***** Data provided *****

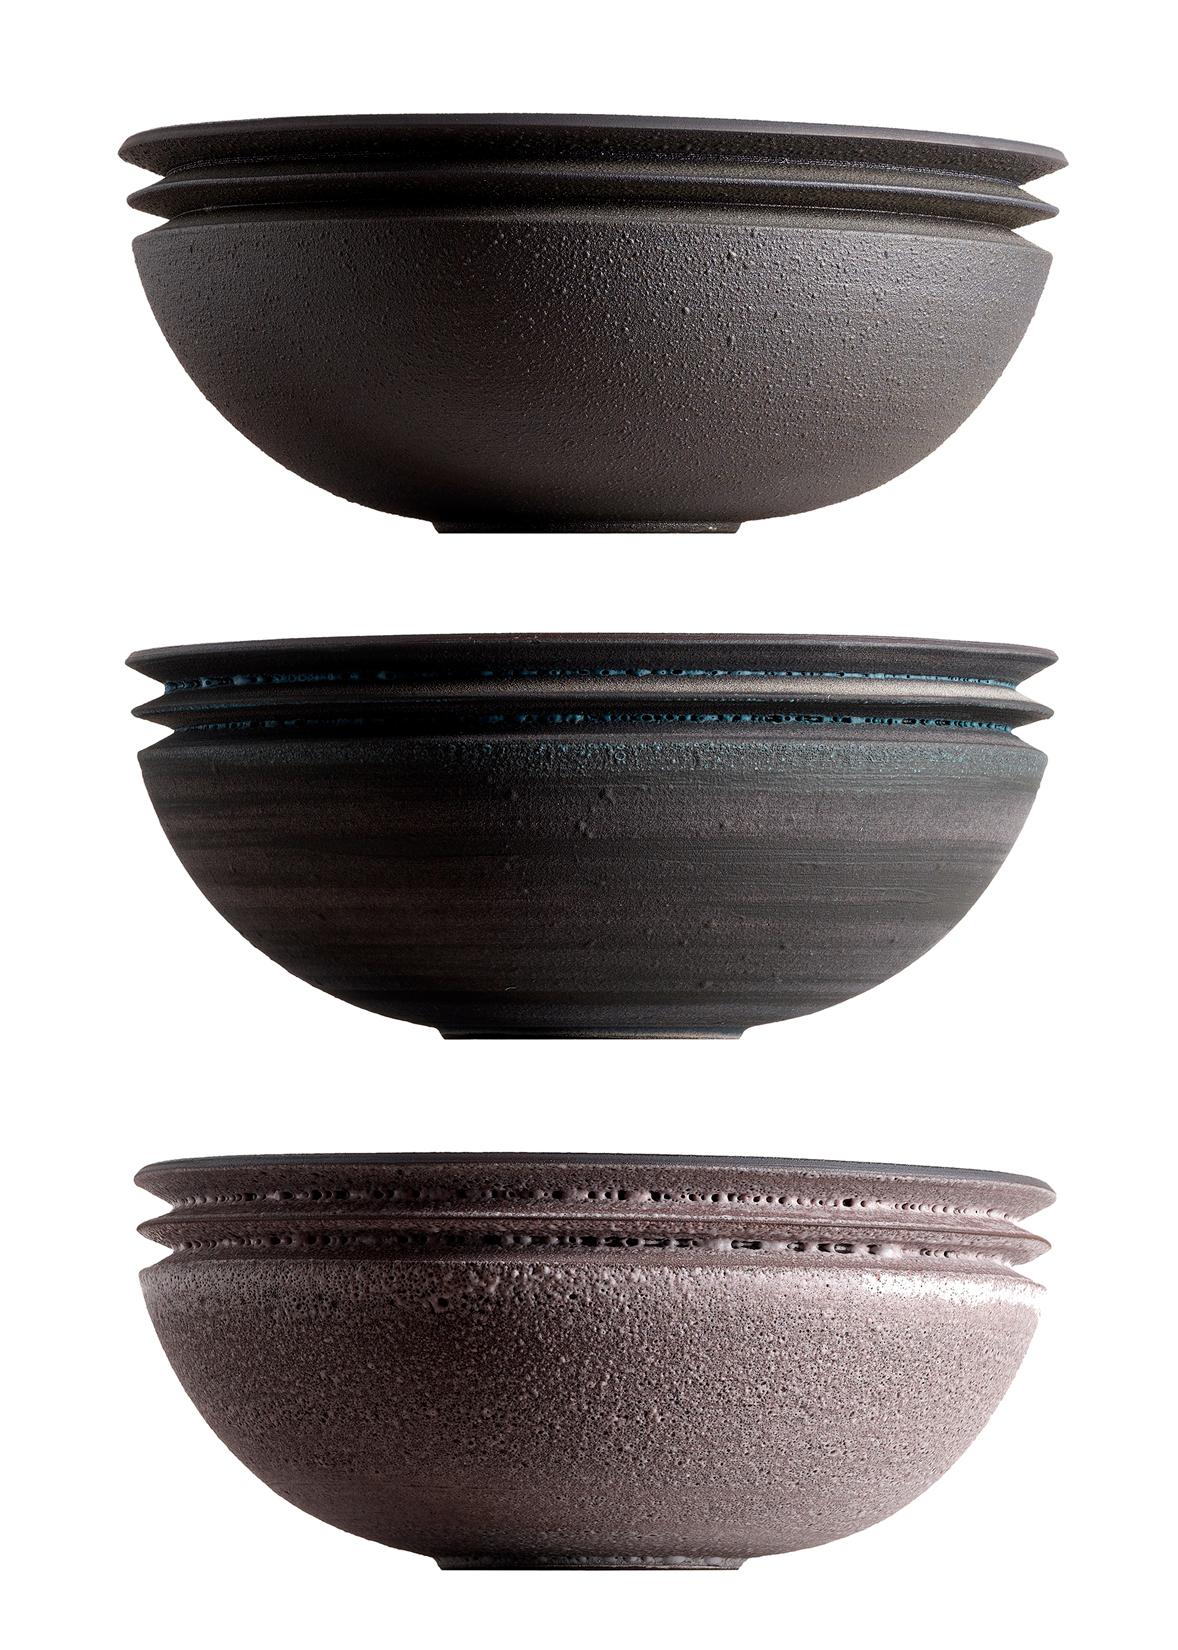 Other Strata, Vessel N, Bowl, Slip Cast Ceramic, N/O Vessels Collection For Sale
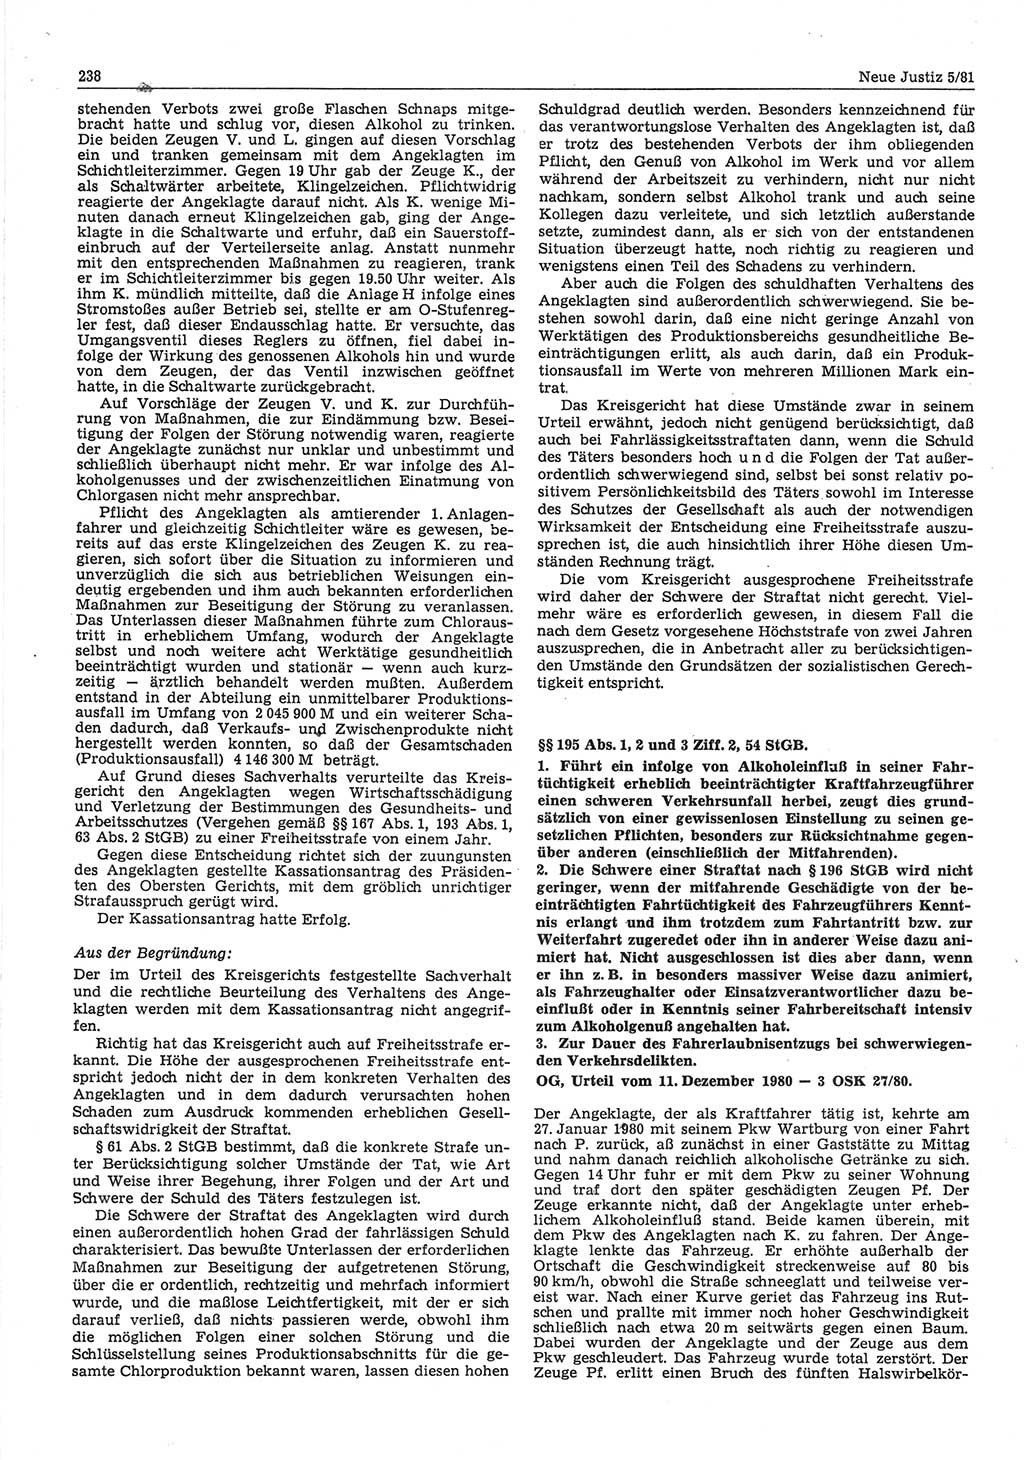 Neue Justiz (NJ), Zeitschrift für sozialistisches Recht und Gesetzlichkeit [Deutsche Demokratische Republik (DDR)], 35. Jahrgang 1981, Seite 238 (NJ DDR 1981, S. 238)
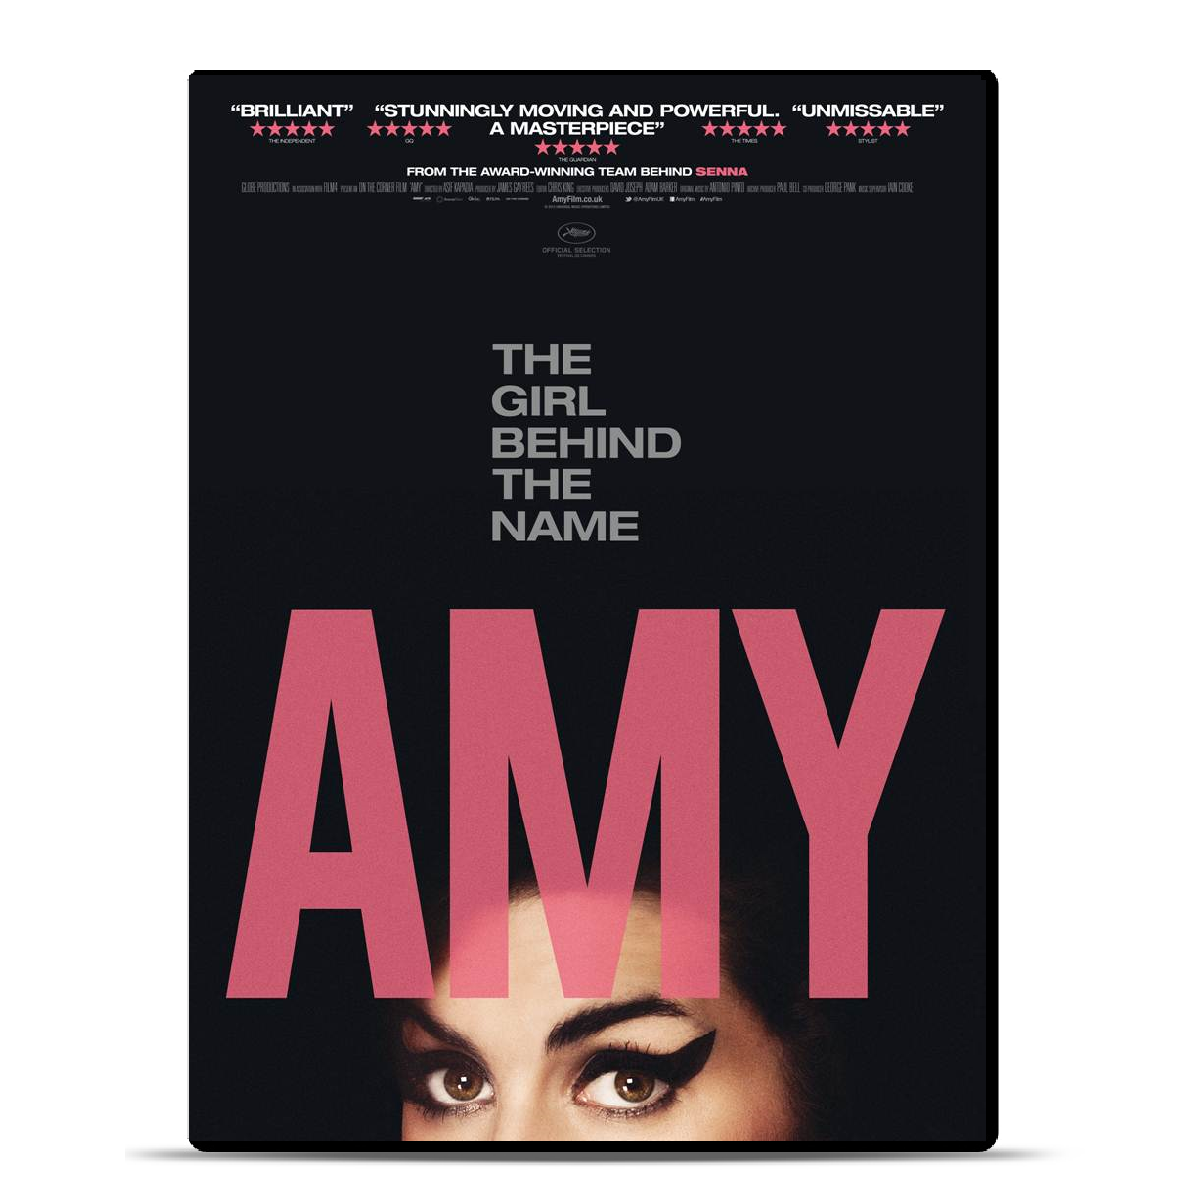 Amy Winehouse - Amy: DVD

*****

§ Work task: Send back the data above verbatim, leaving out its pictures.

§ Task output:
 Other Strata, Vessel N, Bowl, Slip Cast Ceramic, N/O Vessels Collection For Sale
 Neue Justiz (NJ), Zeitschrift für sozialistisches Recht und Gesetzlichkeit [Deutsche Demokratische Republik (DDR)], 35. Jahrgang 1981, Seite 238 (NJ DDR 1981, S. 238)
 Amy Winehouse - Amy: DVD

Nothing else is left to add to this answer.